Suppose you want to use regular expressions, and want to find out how to use them.
>>> import re
>>> help(re)
You get a nice display of information, automatically shown to you a page at a time (hit the space bar to see the next page).
If you already know you want to use the sub() function from the re module, you can get help on just that:
>>> help(re.sub)
And this help() feature will even work on your own code, as long as you define Python docstrings for your modules, classes, and functions.
You can enable features in the vim editor (or gvim, or vim for Windows) that enable an "IntelliSense"-like autocompletion feature, and you can use Exuberant Ctags to generate hyperlink "tags" to let you navigate quickly through your code. These turn vim into something that is roughly as powerful as an IDE, with the full power of vim for editing. (There isn't an explicit refactoring tool built in to vim, but there are options available.
And as others have noted, you can get IDEs for Python too. I've used the Wingware IDE, and I recommend it. I try to do most of my work with free, open-source software, but that is one piece of proprietary software I would be willing to buy. I have also used Eclipse with the Pydev plugin (I used its refactoring tool and it worked fine).
P.S. Python has a richer feature set than C#, albeit at the cost that your code won't run as fast. Once you get used to Python, you won't feel like you are in the stone age anymore.
One step at a time?
Start off with simple programs (things you can write with your eyes closed in C#), and keep going... You will end up knowing the API by heart.
<rant>
This is sort of the reason that I think being a good visual studio user makes you a bad developer. Instead of learning an API, you look in the object browser until you find something that sounds more or less like what you are looking for, instantiate it, then hit . and start looking for what sounds like the right thing to use. While this is very quick, it also means it takes forever to learn an API in any depth, which often means you end up either re-inventing the wheel (because the wheel is buried under a mountain worth of household appliances and you had no idea it was there), or just doing things in a sub-optimal way. Just because you can find A solution quickly, doesn't mean it is THE BEST solution.
</rant>
In the case of .NET, which ships with about a billion APIs for everything under the sun, this is actually preferred. You need to sift through a lot of noise to find what you are aiming for.
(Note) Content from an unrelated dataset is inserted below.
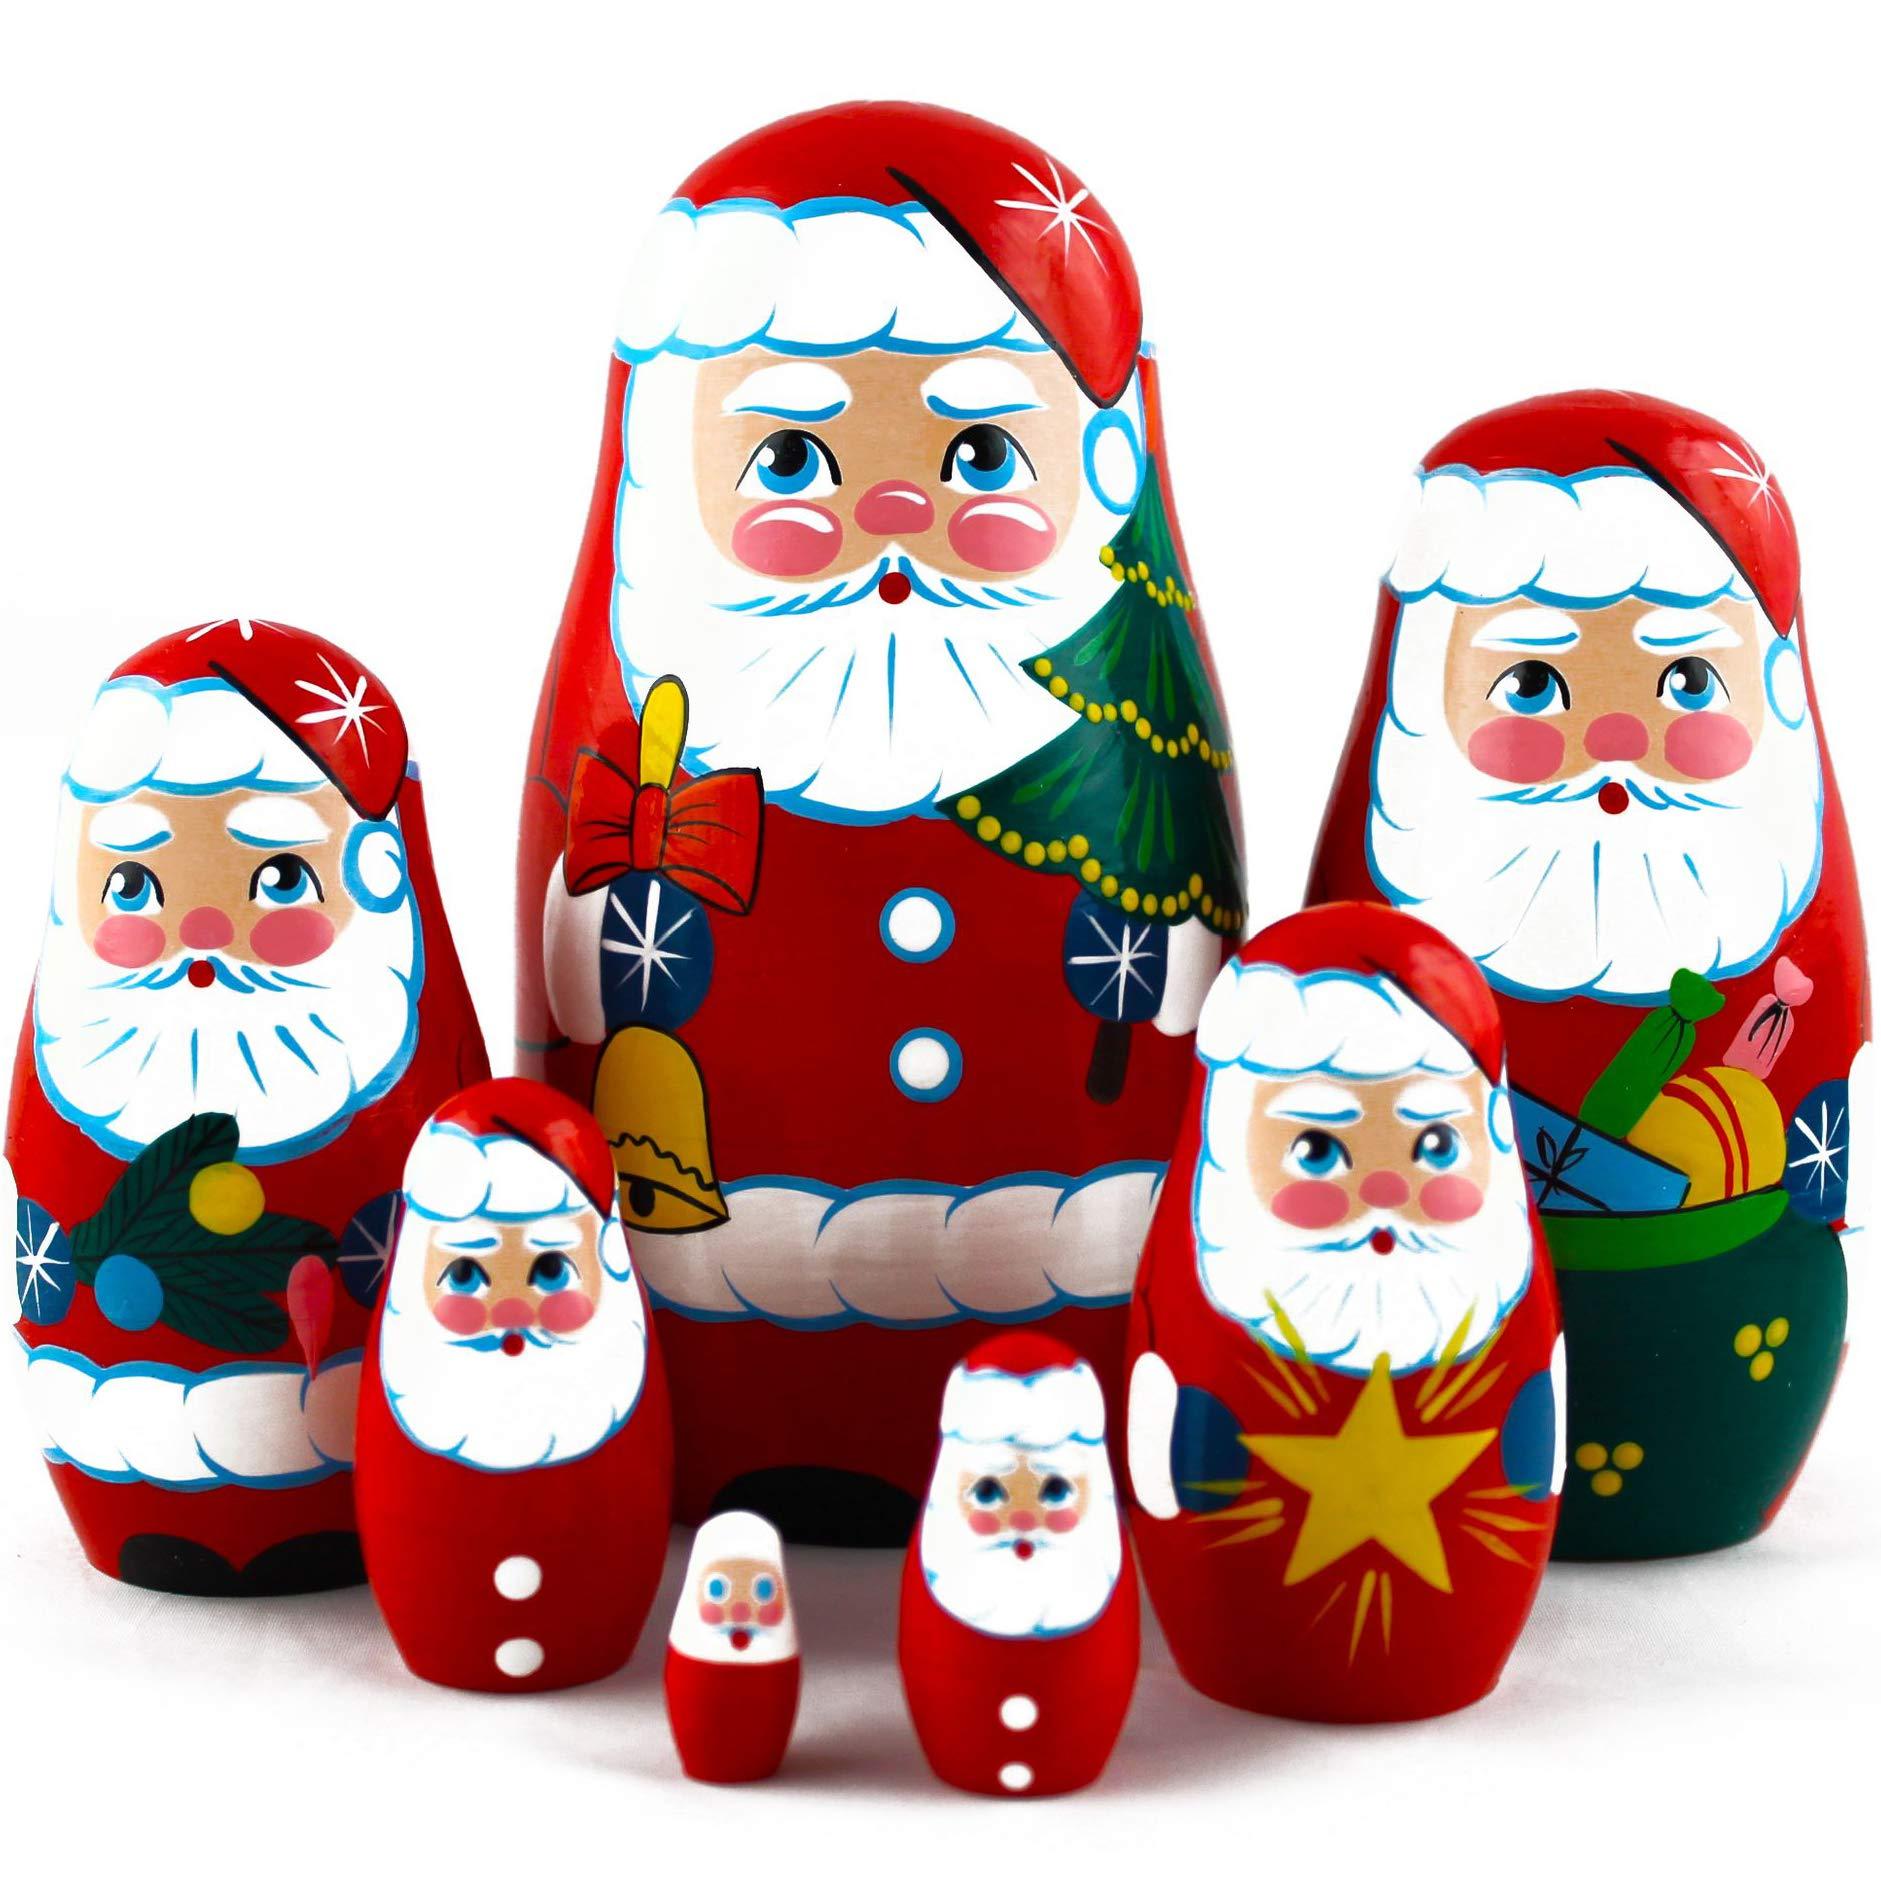 MATRYOSHKA&HANDICRAFT Christmas Santa Nesting Dolls 7 pcs - Santa Claus Christmas Decoration Doll Gifts Ideas by MATRYOSHKA&HANDICRAFT

Pythonic code favors one, obvious way to do any given thing. This tends to make the APIs very straight forward and readable. The trick is to learn the language and learn the APIs. It is not terribly hard to do, especially in the case of python, and while not being able to rely on intellisense may be jarring at first, it shouldn't take more then a week or two before you get used to it not being there.
Learn the language and the basic standard libraries with a good book. When it comes to a new library API, I find the REPL and some exploratory coding can get me to a pretty good understanding of what is going on fairly quickly.
You could always start with IronPython and continue to develop in Visual Studio.
The python ide from wingware is pretty nice. Thats what I ended up using going from visual studio C++/.net to doing python.
Don't worry about intellisense. Python is really simple and there really isn't that much to know, so after a few projects you'll be conceiving of python code while driving, eating, etc., without really even trying. Plus, python's built in text editor (IDLE) has a wimpy version of intellisense that has always been more than sufficient for my purposes. If you ever go blank and want to know what methods/properties and object has, just type this in an interactive session:
dir(myobject)
Same way you do anything else that doesn't have IntelliStuff.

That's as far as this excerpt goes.